In one of our high throughput production APIs, we added a new feature that would compute a high number of signed URLs and send them in the response, approximately in 100 URLs per API call. After releasing the feature, our servers’ CPU utilization started touching almost 100% during the peak hours, there was a 2x spike in latency and the servers became unresponsive.

After investigation, we saw that the servers were spending most of the time in signing the URLs.

The S3 signing process

The S3 signed urls can be used to share S3 data (such as images, text, etc) with others securely. The signed URLs are valid for a limited time period and can be used to access the S3 data without any AWS credentials. The signed URLs are generated using the AWS access key and secret key.

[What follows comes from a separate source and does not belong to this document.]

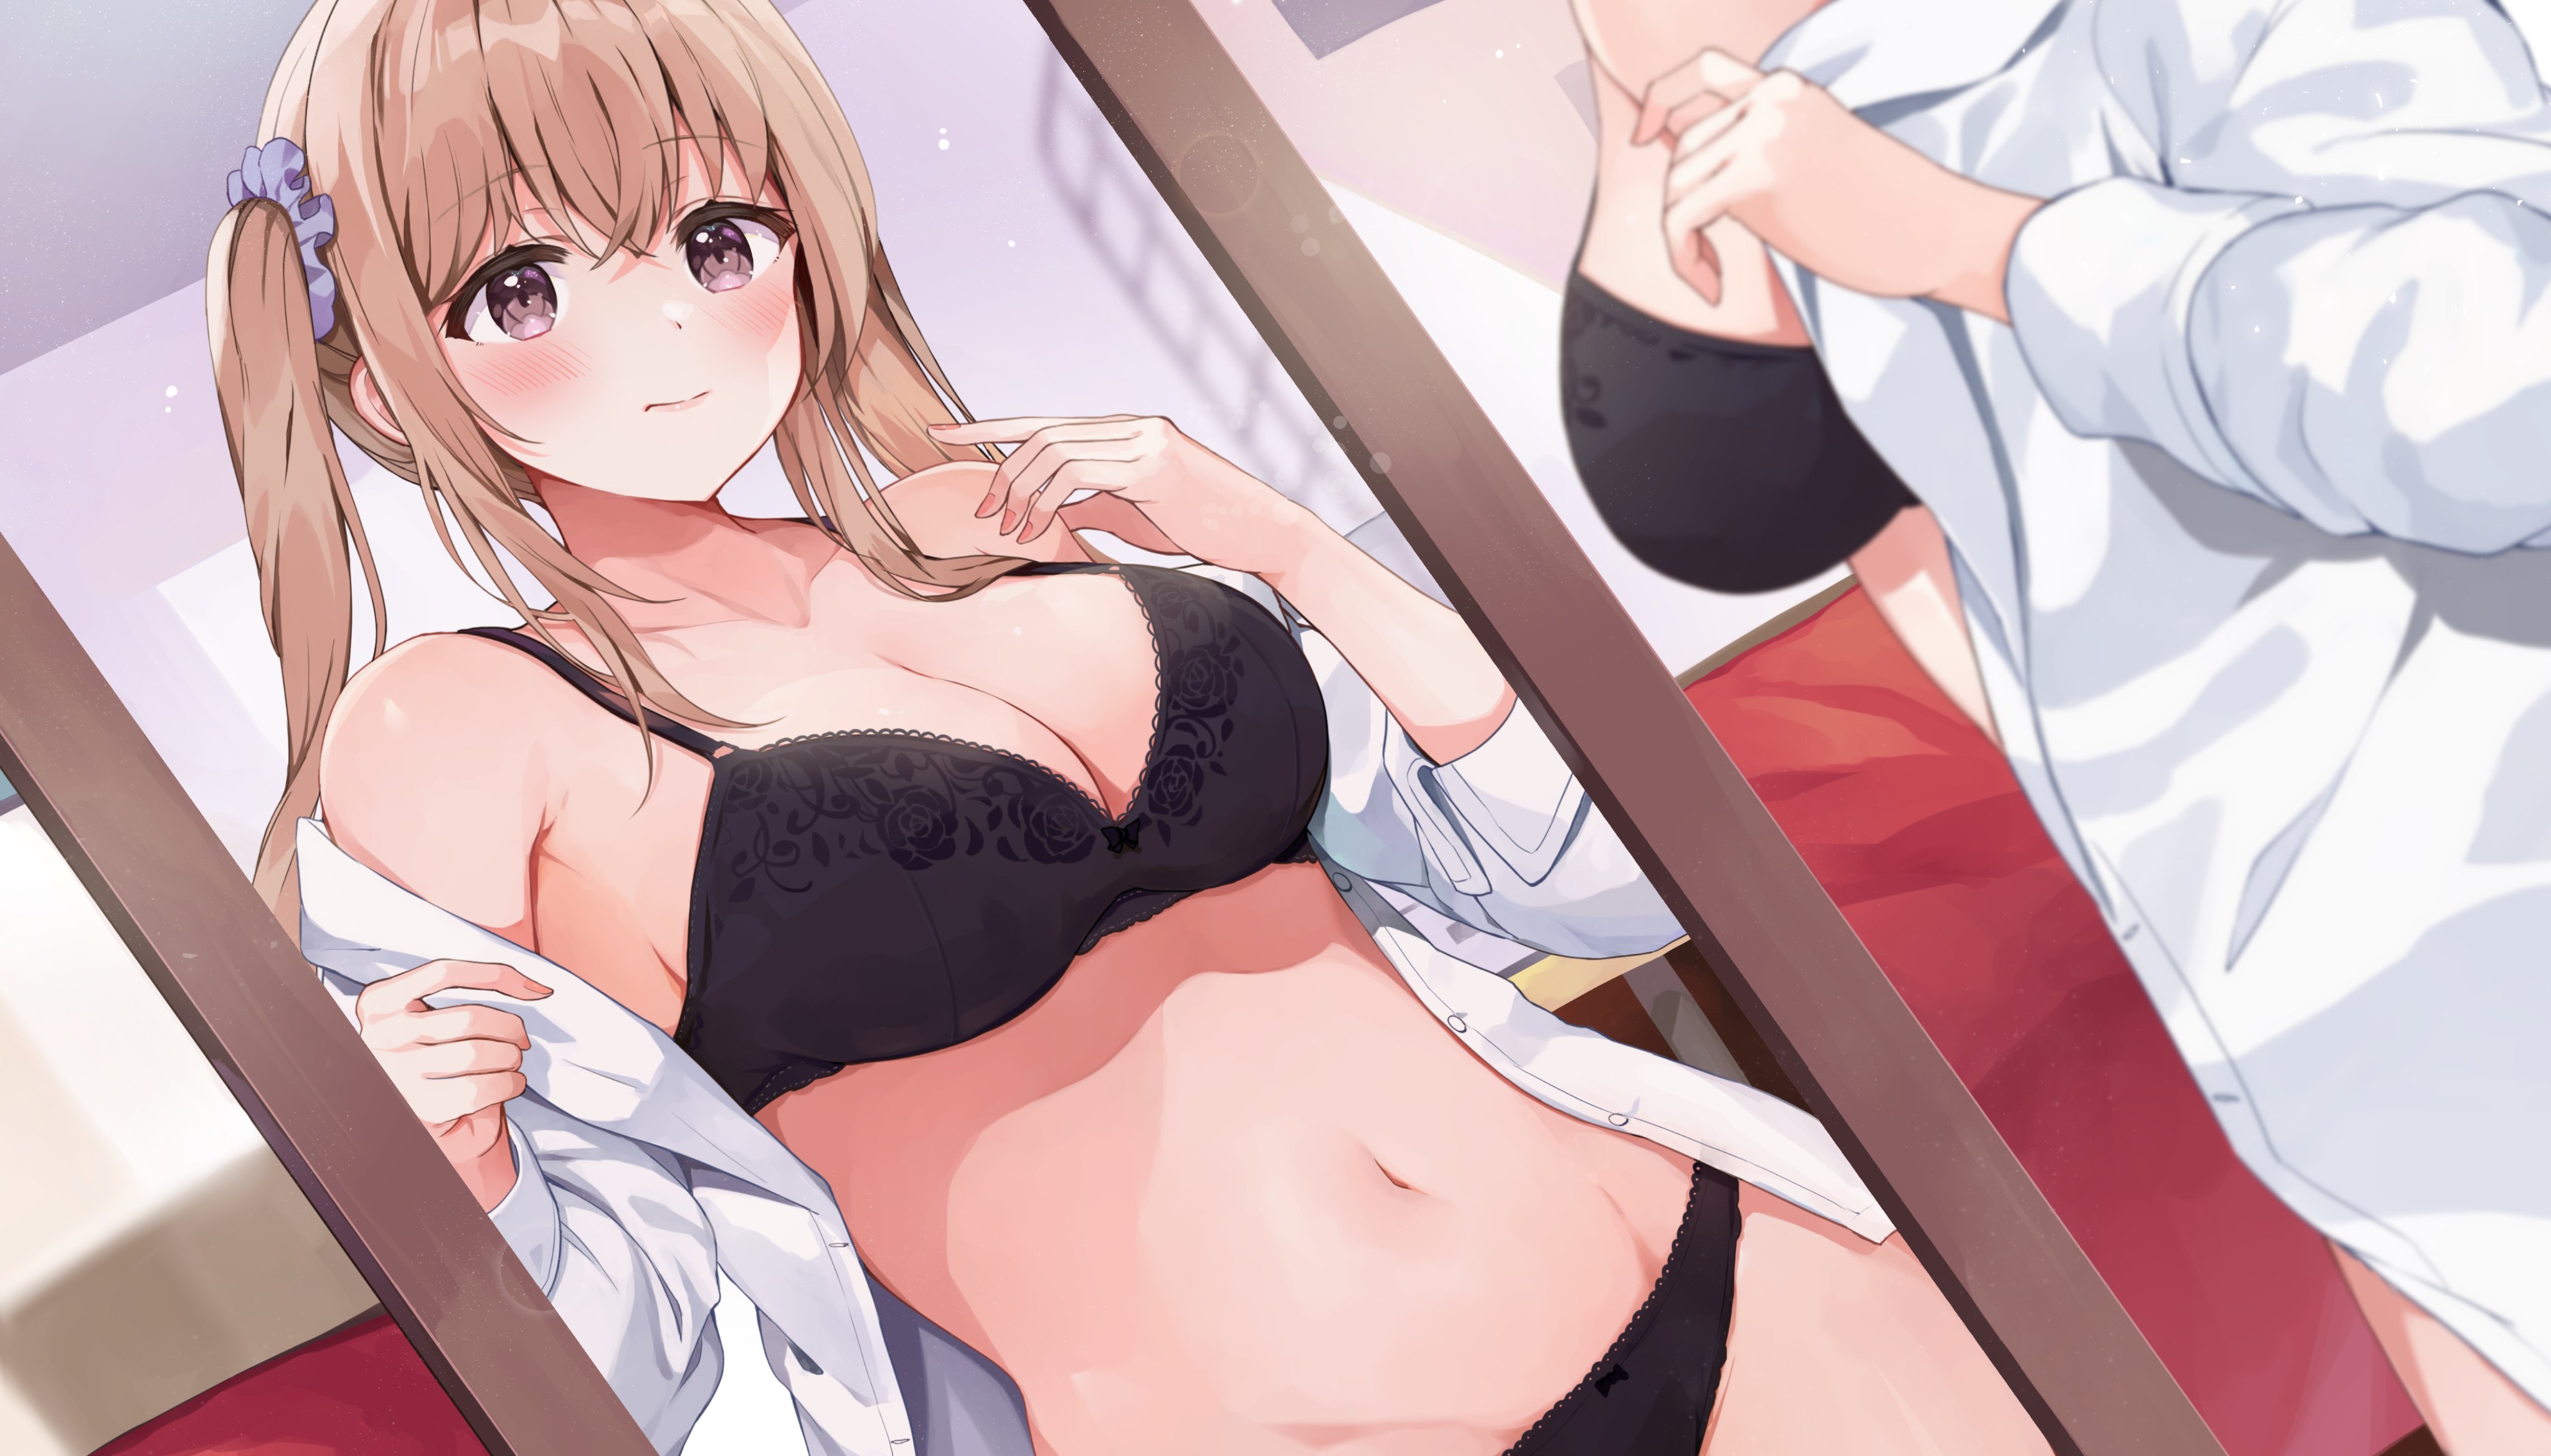 Anime 4096x2338 Racchi anime anime girls underwear bra panties belly brunette blush open shirt cleavage

The S3 signing process runs locally on the CPU without the need for network calls.

Here’s an example that uses boto3 library to sign a URL:

boto_signer.py
import boto3

class BotoSigner:
    def __init__(self, region, access_key, secret_key):
        self.service = 's3'
        self.s3_client = self.__get_s3_client(region=region, access_key=access_key, secret_key=secret_key)

    def __get_s3_client(self, region, access_key, secret_key):
        config = {
            'region_name': region,
            'aws_access_key_id': access_key,
            'aws_secret_access_key': secret_key,
        }
        return boto3.resource(
            's3',
            region_name=region,
            aws_access_key_id=access_key,
            aws_secret_access_key=secret_key,
        )

    def generate_signed_url(
        self, key: str, bucket_name: str = None, expiry_seconds: int = 3600
    ) -> str:
        return self.s3_client.meta.client.generate_presigned_url(
            ClientMethod='get_object',
            Params={'Bucket': bucket_name, 'Key': key},
            ExpiresIn=expiry_seconds,
        )

Example Usage of the boto signer:

signer = BotoSigner(
  region="ap-south-1", access_key="access-key", secret_key="secret-key"
)

url = signer.generate_signed_url("my_bucket", "my_object_key")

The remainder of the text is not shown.